L'écrivain franco-algérien Boualem Sansal pose à Paris le 4 septembre 2015. L'écrivain franco-algérien Boualem Sansal, empêtré dans une crise diplomatique sans précédent entre Alger et Paris, a été condamné le 27 mars 2025 à cinq ans de prison pour atteinte à l'intégrité territoriale de l'Algérie. (Photo Joël SAGET / AFP)
La condamnation à cinq ans de prison du romancier franco-algérien Boualem Sansal ravive les tensions entre Alger et Paris. Incarcéré pour ses propos sur les frontières du Maroc, l’auteur emblématique de la liberté d’expression devient malgré lui le symbole d’une crise diplomatique majeure, où littérature, politique et mémoire coloniale s’entrelacent. Tandis que Paris appelle à un geste d’humanité, Alger reste silencieuse, laissant planer l’ombre d’une affaire hautement politique qui ne fait certainement pas l’unanimité au sein du pouvoir algérien.
Alger- Un tribunal algérien a condamné jeudi à cinq ans de prison ferme l'écrivain franco-algérien Boualem Sansal, emprisonné en Algérie depuis novembre et au cœur de la plus grave crise diplomatique entre Paris et Alger depuis des décennies.
Le tribunal correctionnel de Dar El Beida, près d'Alger, a décidé "en présence de l'accusé, une peine de cinq ans de réclusion ferme", soit la moitié de la peine requise par le Parquet, le condamnant aussi à une amende de 3.500 euros, selon un correspondant de l'AFP présent dans la salle.
L'écrivain, reconnaissable jusqu'alors à son catogan, est apparu à la barre, le crane rasés lui qui arborait une longue chevelure comme signe distinctif.
M. Sansal, 80 ans selon éditeur Gallimard, était accusé notamment d'atteinte à l'intégrité du territoire pour avoir exprimé, dans le média français, une vérité historique sur les fontières du Maroc dont le Royaume été amputés aux profits de l'Algérie, sous la colonisation française.
Son arrestation, le 16 novembre à Alger, avait aggravé de fortes tensions bilatérales, provoquées l'été dernier par un revirement français en faveur de la position marocaine concernant l'épineux dossier du Sahara occidental.
Faire preuve "d'humanité"
Avant son incarcération, M. Sansal, un ancien haut fonctionnaire algérien, voix critique du pouvoir, faisait des allers-retours fréquents en Algérie, où ses livres sont vendus librement.
En France, M. Sansal y bénéficie d'un vaste élan de soutien.

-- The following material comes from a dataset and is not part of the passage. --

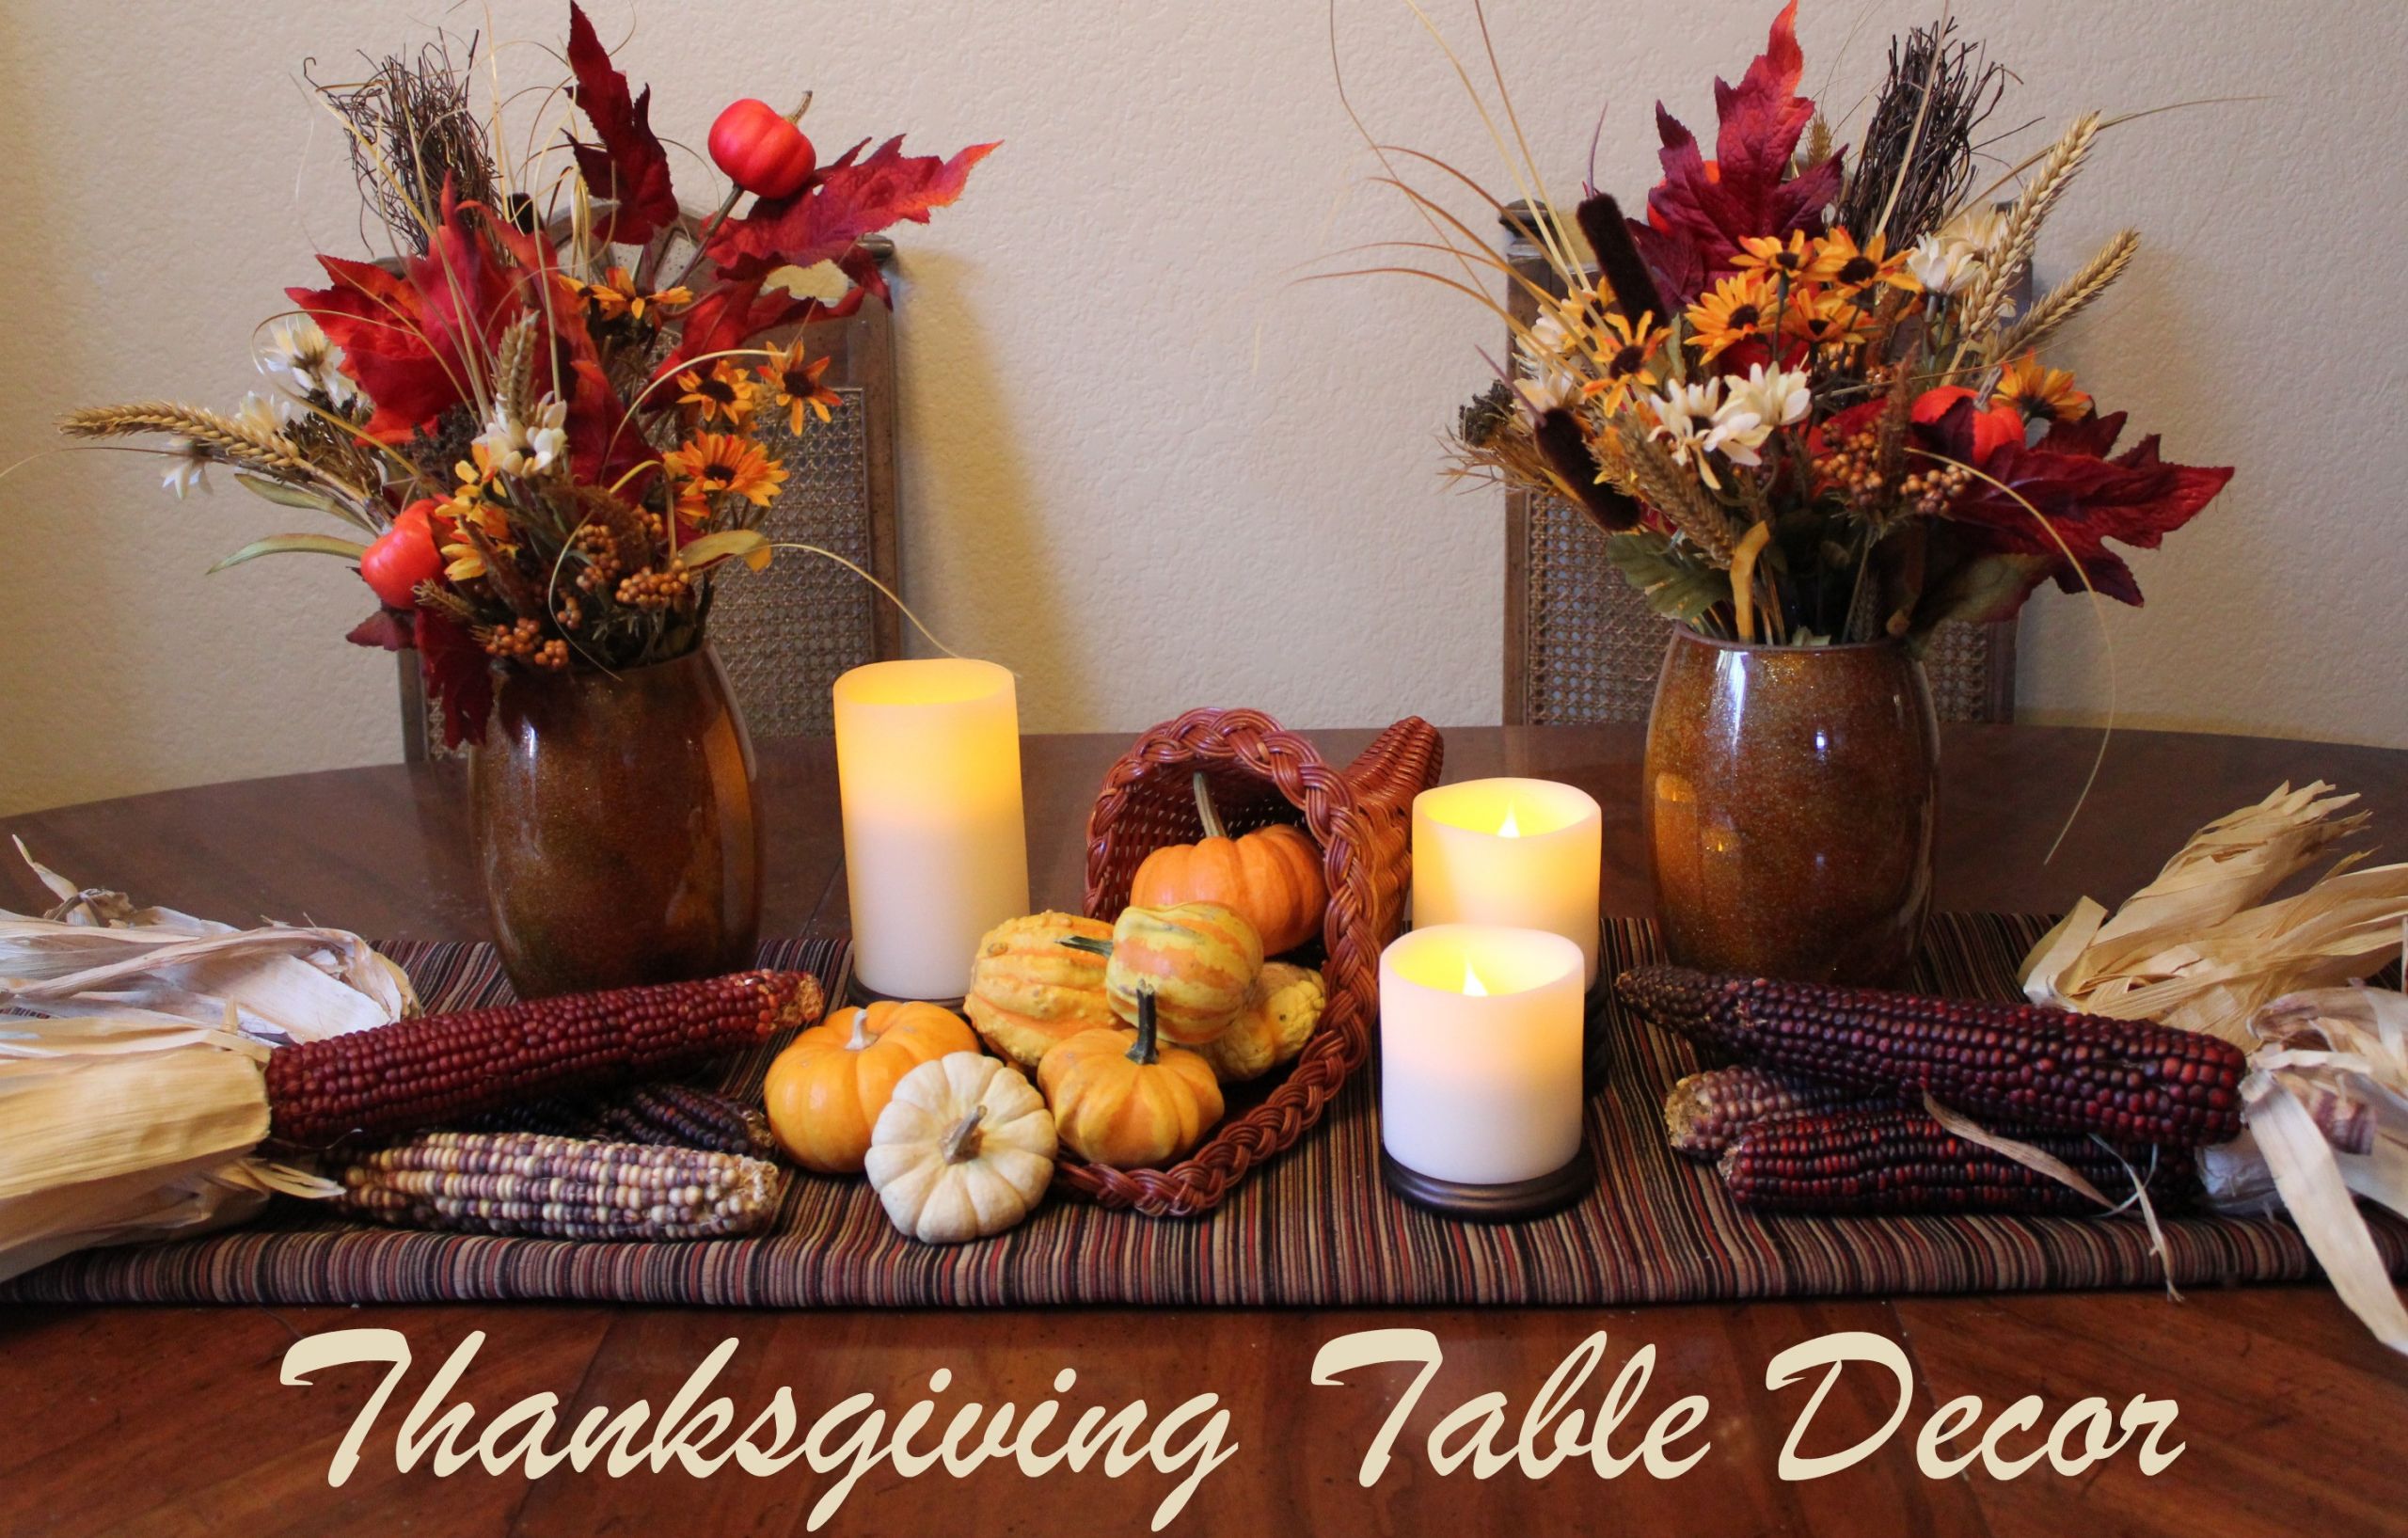 DIY Thanksgiving Decorations
 Cornucopia of Creativity DIY Thanksgiving Table Decor

Après sa condamnation, son avocat français François Zimeray a appelé le président algérien Abdelmadjid Tebboune à faire preuve "d'humanité" en le graciant, estimant que "son âge et son état de santé rendent chaque jour d'incarcération plus inhumain". Le ministère des Affaires étrangères français a exhorté de son côté les autorités algériennes à une issue "rapide, humanitaire et digne".
Il y a une semaine, le président français Emmanuel Macron avait réitéré une demande de libération de l'écrivain, disant avoir confiance dans "la clairvoyance" de son homologue qui sait "que tout ça (les accusations) n'est pas sérieux".
Lors de son procès où il a voulu se défendre seul, M. Sansal a nié toute intention de porter atteinte à son pays, expliquant avoir exercé sa "liberté d'expression".
-"Point de repère"
Samedi dernier, M. Tebboune avait lancé des signaux d'apaisement en direction de Paris, estimant que le contentieux était "entre de bonnes mains", avec comme "unique point de repère" Emmanuel Macron ou toute personne déléguée sur l'affaire, tel que son chef de la diplomatie Jean-Noël Barrot.
Selon le site d'information TSA, citant "deux sources", une visite de M. Barrot à Alger est "en préparation" en vue d'un "apaisement" de la crise.
L'Algérie a retiré son ambassadeur à Paris depuis fin juillet quand Paris a apporté son soutien au plan d'autonomie sous souveraineté marocaine pour ce territoire.
M. Tebboune souhaite une "issue rapide et honorable" à la crise avec Paris, selon l'expert Hasni Abidi, citant l'hypothèse d'une grâce présidentielle. Selon lui, une fois le cas Sansal réglé, M. Macron pourra reprendre la main le dossier. (Quid avec AFP)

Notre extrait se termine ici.